Именно в этом контексте мы воспринимаем аборты и клонирование человека.

— И все-таки позвольте вновь вернуться к нашему первому вопросу: быть может, основная проблема стремления к вечной молодости еще и в том, что каждому возрасту свойственно нечто свое, и от этого нельзя убежать, будет только хуже?

— В принципе, это так. Влияет и физиология, и накопленный к данному моменту жизненный опыт. Но бывают и исключения. Мне приходилось видеть восьми-десятилетних детей, приговоренных к смерти различными болезнями, и близость исхода давала им мудрость, которой не встретишь у взрослых. Но встречались мне и люди весьма зрелого возраста, которые в стремлении прихорашиваться, омолаживаться, говорить только про кофточки и модные машины закупоривали себя в отрочестве. И здесь важно понять одну вещь: время — благословение, а не прокрустово ложе нашей судьбы. В каждом возрасте человеку по-своему открывается жизнь. По-разному воспринимается не только мир, но и вера. К примеру, подросток готов идти во всем до конца — в том числе и в служении Богу. Не случайно многие из тех, кто стали монахами, приняли такое решение в раннем возрасте, в 12−14 лет. Конечно, с течением времени мы меняемся.
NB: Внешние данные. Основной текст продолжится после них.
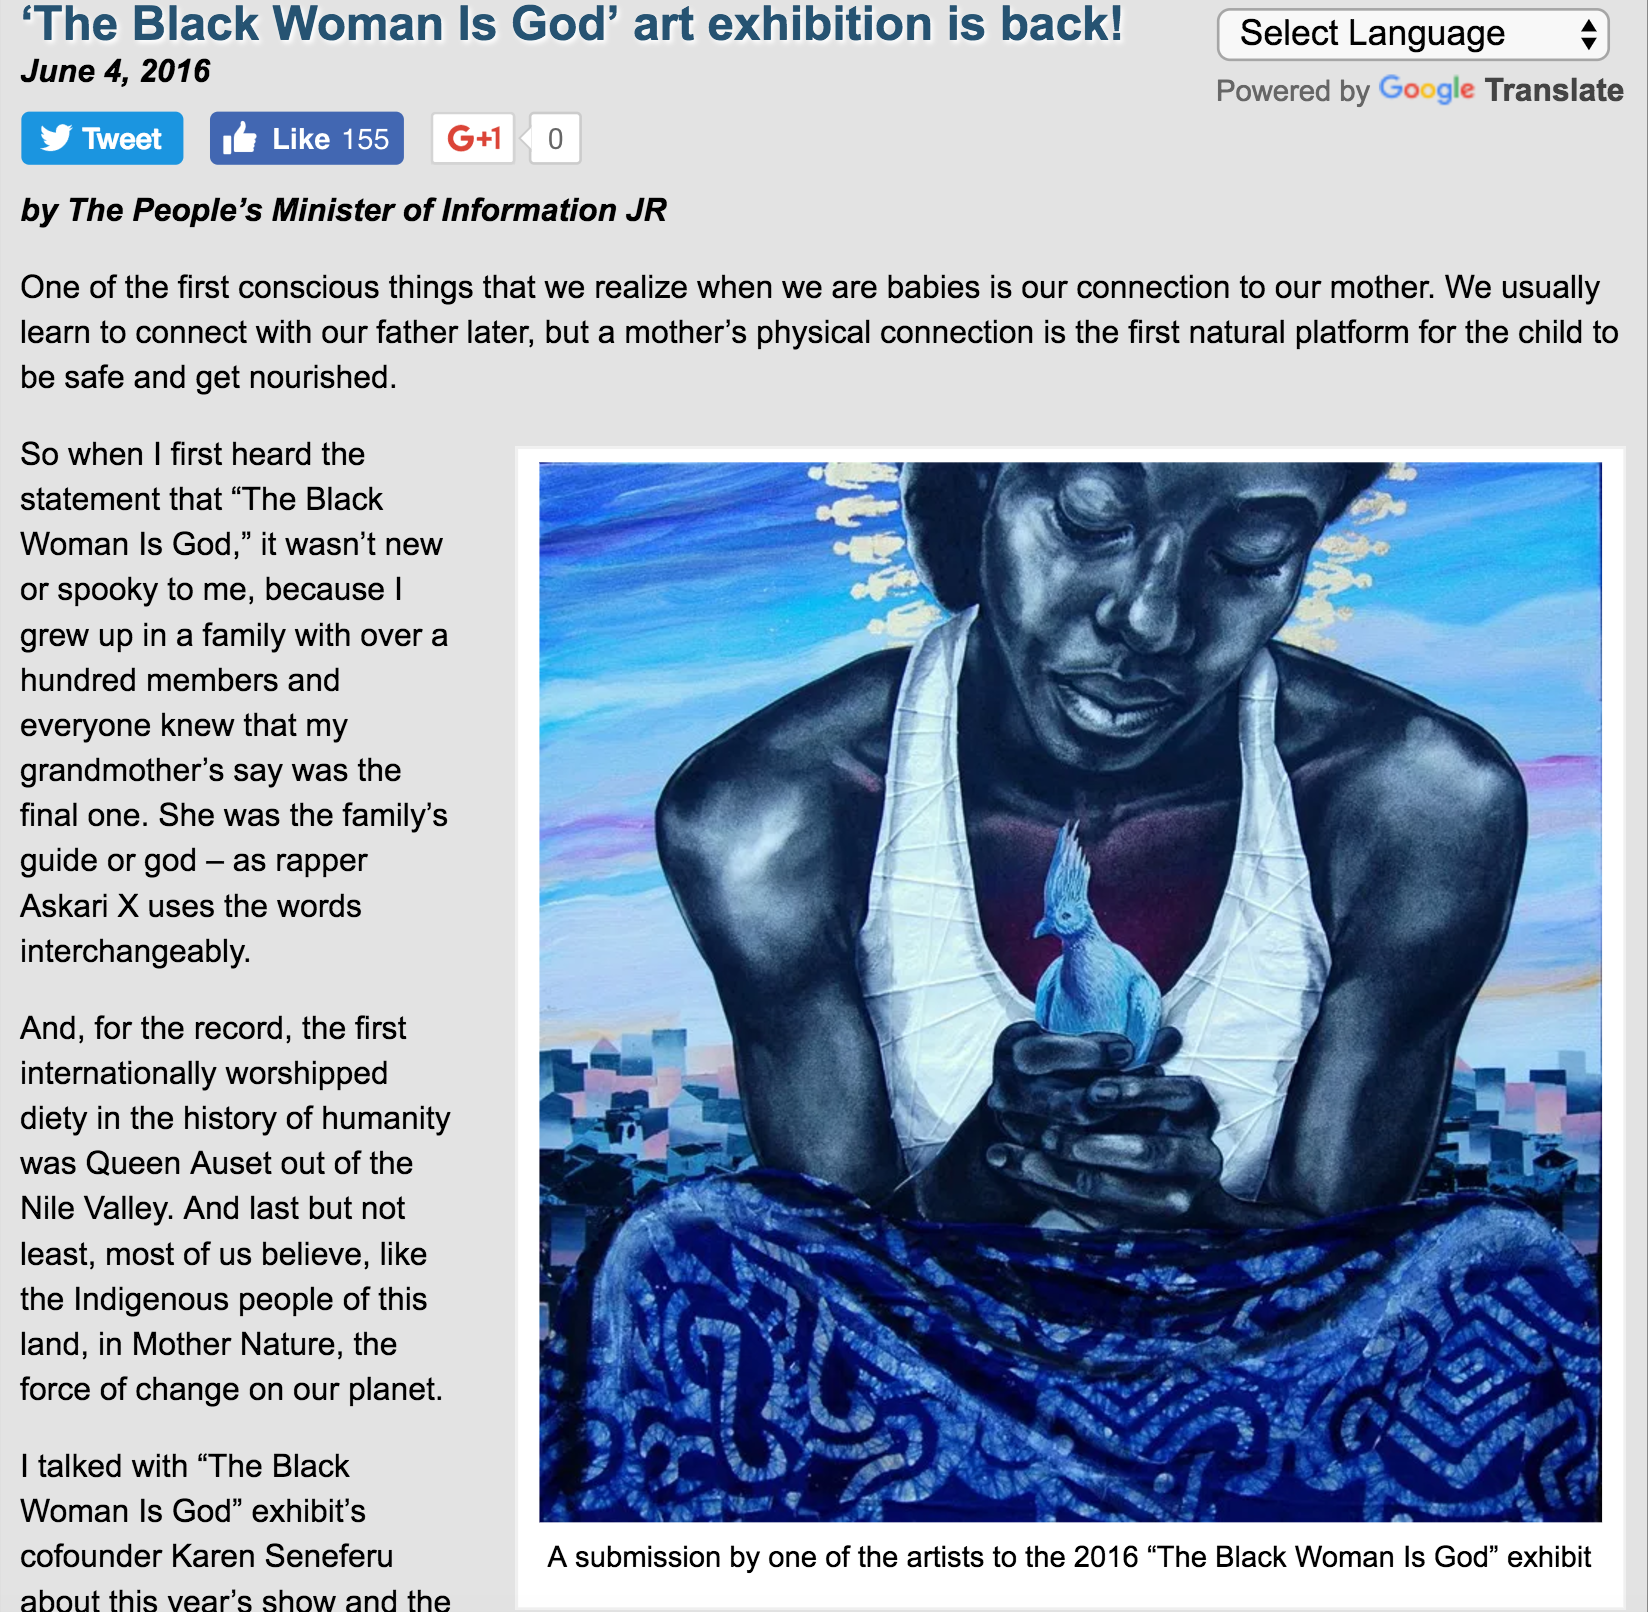 ‘The Black Woman Is God’ art exhibition is back!

Приходит опыт компромиссов, и уже нет той решимости и жертвенности. С каждым годом все сложнее менять свою душу, сложнее ее перевернуть. Человек ищет утешения, уверения… каких-то совсем не юношеских интонаций в нашей церковной традиции.

Но тут возникает вопрос о границах. Что считать молодостью, что зрелостью, что старостью? В реальной жизни все очень сложно, единых критериев нет. Возраст биологический и возраст духовный далеко не всегда совпадают. Поэтому не всегда нужно подгонять себя под свои года. Можно до старости играть в детство, а можно и будучи ребенком, прикоснуться к вечности.